Пророки в отечестве есть! Просто они избегают регистрации. Фото Reuters
Выдерживание будущих государственных и муниципальных служащих в учебных аудиториях с целью постижения различных импортных теорий мне никогда не нравилось. И мы, работники кафедры местного самоуправления НИУ ВШЭ, стали возить их в экспедиции в самые разные поселения нашей страны.
Контингент НИУ ВШЭ таков, что когда эти ребята попадают в деревню в Коми или на Горном Алтае, то им, как правило, не очень комфортно, слишком разный образ жизни городской молодежи из весьма и весьма обеспеченных семей и обитателей малых городов и сел.
Мы стараемся сразу погрузить наших студентов в ткань обыденной жизни разного рода промысловиков, доминирующих в провинции. Посидит студент, скажем, на крыльце сельского магазина несколько часов, а вечером должен рассказать на семинаре о том, что он видел и как уведенное понял. При этом с нашей помощью формируется понятийный аппарат для описания того, что студенты видят, и того, что мы наблюдаем сами.
В целом же такая практика выводит нас на вопрос: каким понятийным аппаратом описывать нашу реальность? Ведь формальное, официальное описание никак не соотносится с тем, что мы видим непосредственно на месте. Даже численность жителей практически любого поселения, по данным муниципальных властей, больше, чем официальная. Еще не было случая, когда данные Росстата не были бы меньше численности реального населения на 10–15%.
Или суммирование отраслевых данных по экономике региона существенно превышает объем региональной экономики по данным Росстата.
«А вдоль дороги секты неучтенные стоят…»
Что же касается социальной структуры, то по многим параметрам вообще нет никакого учета. Возьмем такой крайний случай как разного рода секты. При Советской власти были уполномоченные по делам религий, которые вместе с пятым управлением КГБ вели статистическое и оперативное наблюдение за такими сектами.
Сейчас таких уполномоченных нет. А официальные органы учитывают только очевидных, публичных сектантов.

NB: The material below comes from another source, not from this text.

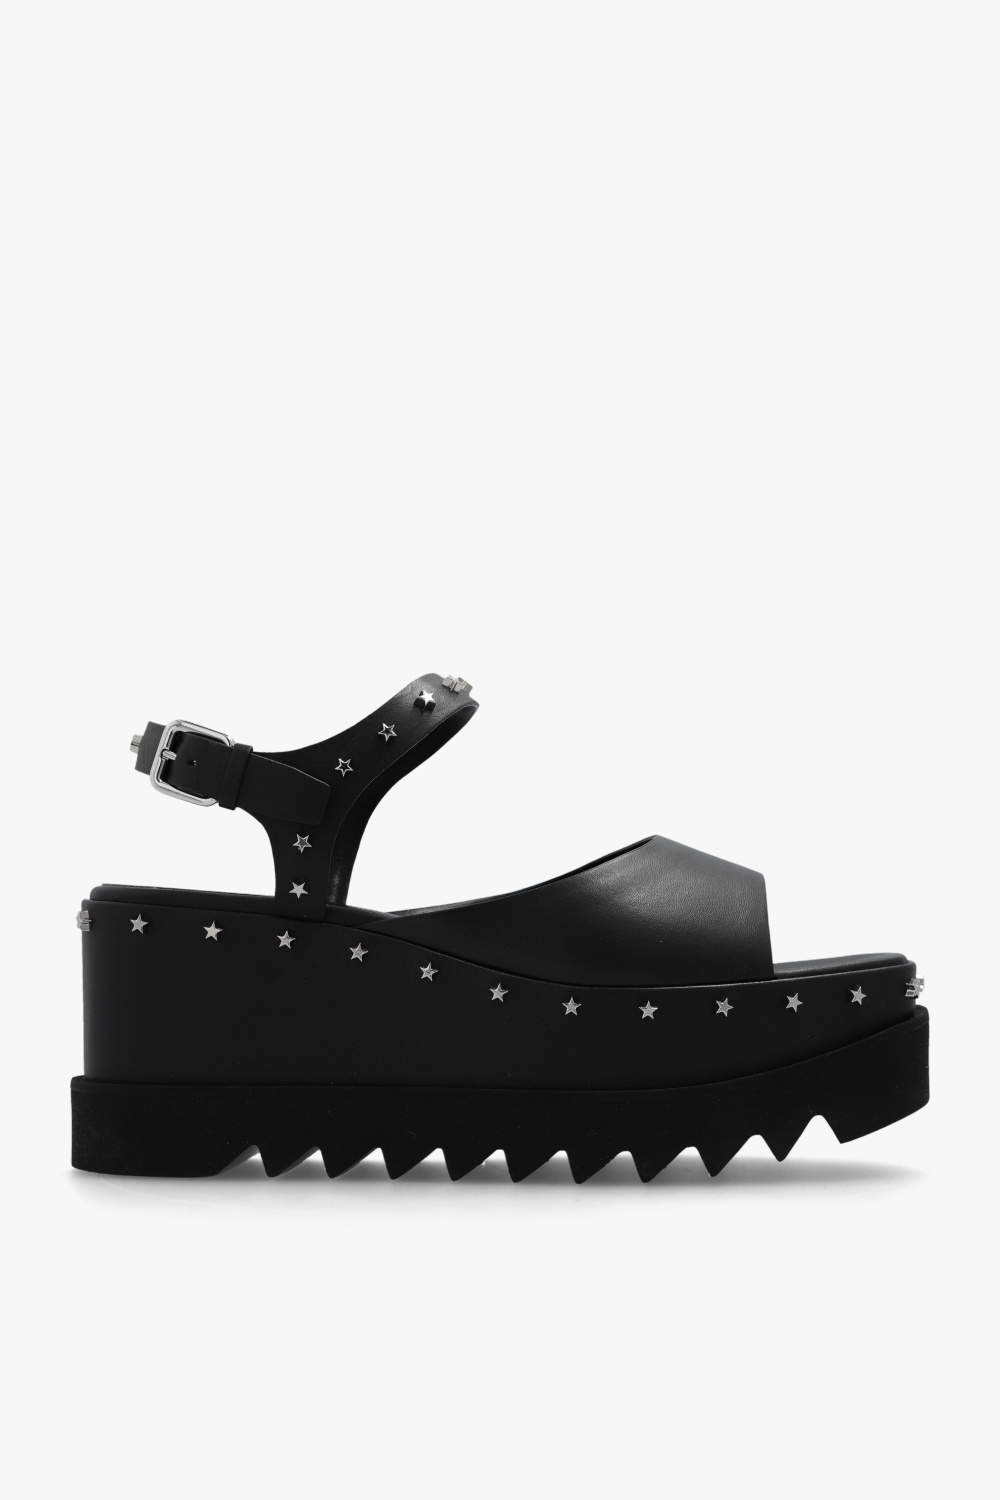 Stella McCartney Slippers and clogs elyse Women 810150W1DX01000 Eco Leather  Black 556€

Но в реальности-то мы видим широкую диверсификацию мировоззрения и формирование множества локальных картин мира и групп, разделяющих эти картины.
Неизвестные секты – это массовое явление. В радиусе 100 км от Москвы мы несколько лет назад насчитали 40 поселений анастасийцев. Иногда эти поселения имеют наименование и почтовый индекс, но часто и не имеют.
Исторически система расселения в нашей стране возникла в результате трех миграций, инициированных государством, – cтолыпинской, сталинской и хрущевской. Они создавались под конкретные потребности государства, поселения возникали как слободы при рудниках, лагерях, шахтах, НИИ и прочее.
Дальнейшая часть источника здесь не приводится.